Geo-processing is a GIS operation used to manipulate spatial data.
In this exercise we will learn following Geo-processing operations of vector data in R.
# load packages
library(raster)
library (rgdal)
library(rgeos)
library(maptools)
library(sf)
We will use following data set, and data could available for download from here.
Before reading the data from a local drive, you need to define a working directory from where you want to read or to write data.

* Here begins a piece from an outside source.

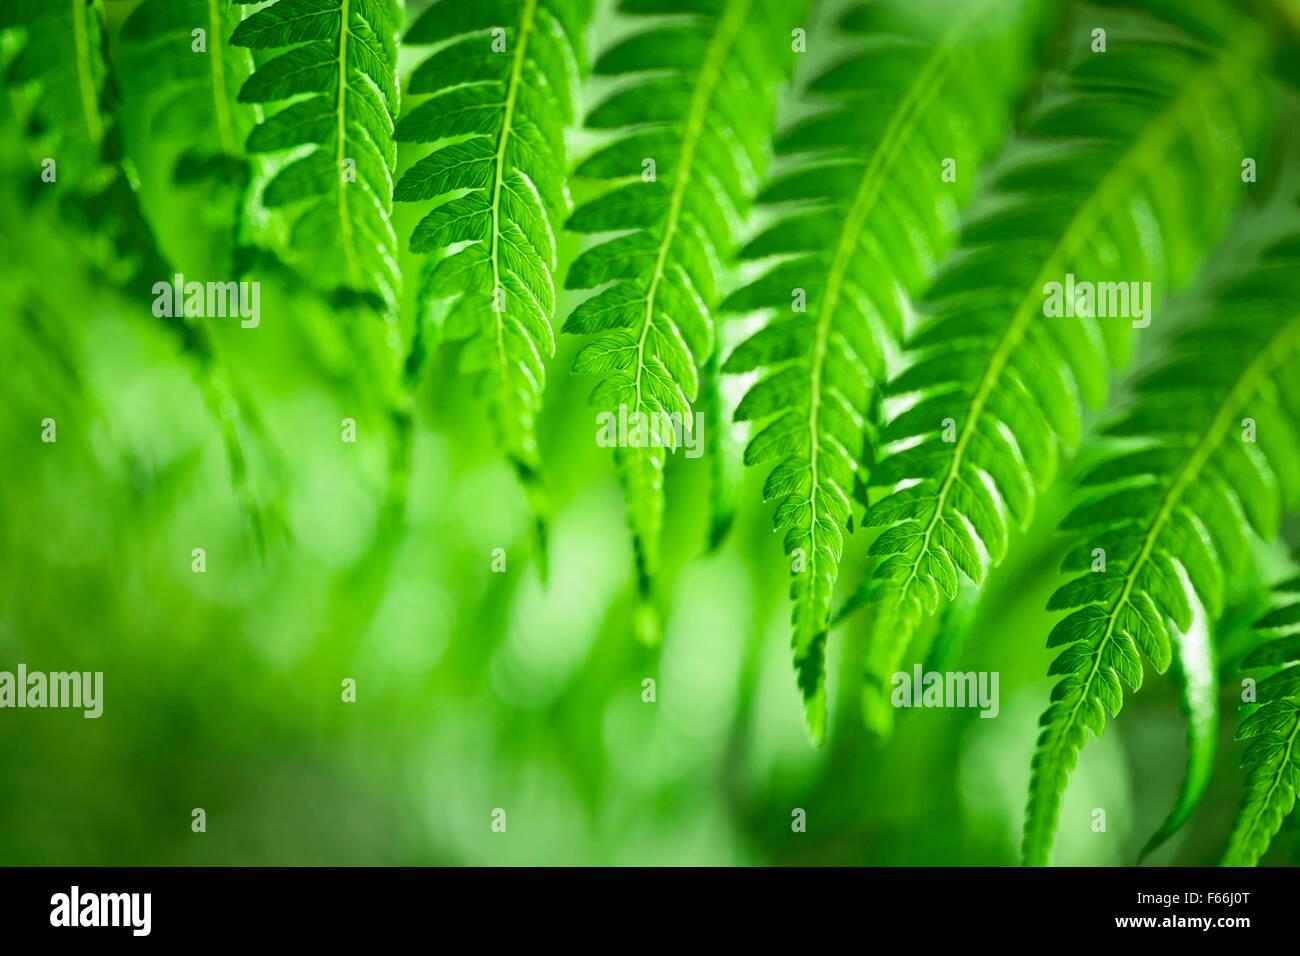 Frais Vert fougère de Nouvelle-Zélande d'artifices Photo Stock

We will use setwd() function to create a working directory. Or we can define a path for data outside of our working directory from where we can read files. In this case, we will use paste0(path, “file name”)
#### Set working directory
# setwd("~//geoprocessing-vector-data")
# Define data folder
dataFolder<-"D://Dropbox/Spatial Data Analysis and Processing in R//DATA_04//DATA_04//"
US.STATE<-shapefile(paste0(dataFolder,"US_STATE.shp"))
US.COUNTY<-shapefile(paste0(dataFolder,"US_COUNTY.shp"))
# Map US state and county
par(mfrow=c(1,2))
plot(US.STATE, main="US State")
plot(US.COUNTY, main="US County")
par(mfrow=c(1,1))
# Extracting a variable (state name)
US.STATE$STATE
## [1] "Alabama" "Arizona" "Colorado"
## [4] "Connecticut" "Florida" "Georgia"
## [7] "Idaho" "Indiana" "Kansas"
## [10] "Louisiana" "Massachusetts" "Minnesota"
## [13] "Missouri" "Montana" "Nevada"
## [16] "New Jersey" "New York" "North Dakota"
## [19] "Oklahoma" "Pennsylvania" "South Carolina"
## [22] "South Dakota" "Texas" "Vermont"
## [25] "West Virginia" "Arkansas" "California"
## [28] "Delaware" "District of Columbia" "Illinois"
## [31] "Iowa" "Kentucky" "Maine"
## [34] "Maryland" "Michigan" "Mississippi"
## [37] "Nebraska" "New Hampshire" "New Mexico"
## [40] "North Carolina" "Ohio" "Oregon"
## [43] "Rhode Island" "Tennessee" "Utah"
## [46] "Virginia" "Washington" "Wisconsin"
## [49] "Wyoming"
Clipping spatial data is a basic GIS task. For vector data, it involves removing unwanted features outside of an area of interest. For example, you might want to do some geospatial modeling covering a area in New York state, but we may have data for USA, in this case you need to apply clipping function to remove area outside of the New York State. It acts like a cookie cutter to cut out a piece of one feature class using one or more of the features in another feature class.
In R, you can do this several ways with different R packages. In this exercise, we will clip out other state or counties from US State and County polygon shape files, expect our area of interest (for example New York).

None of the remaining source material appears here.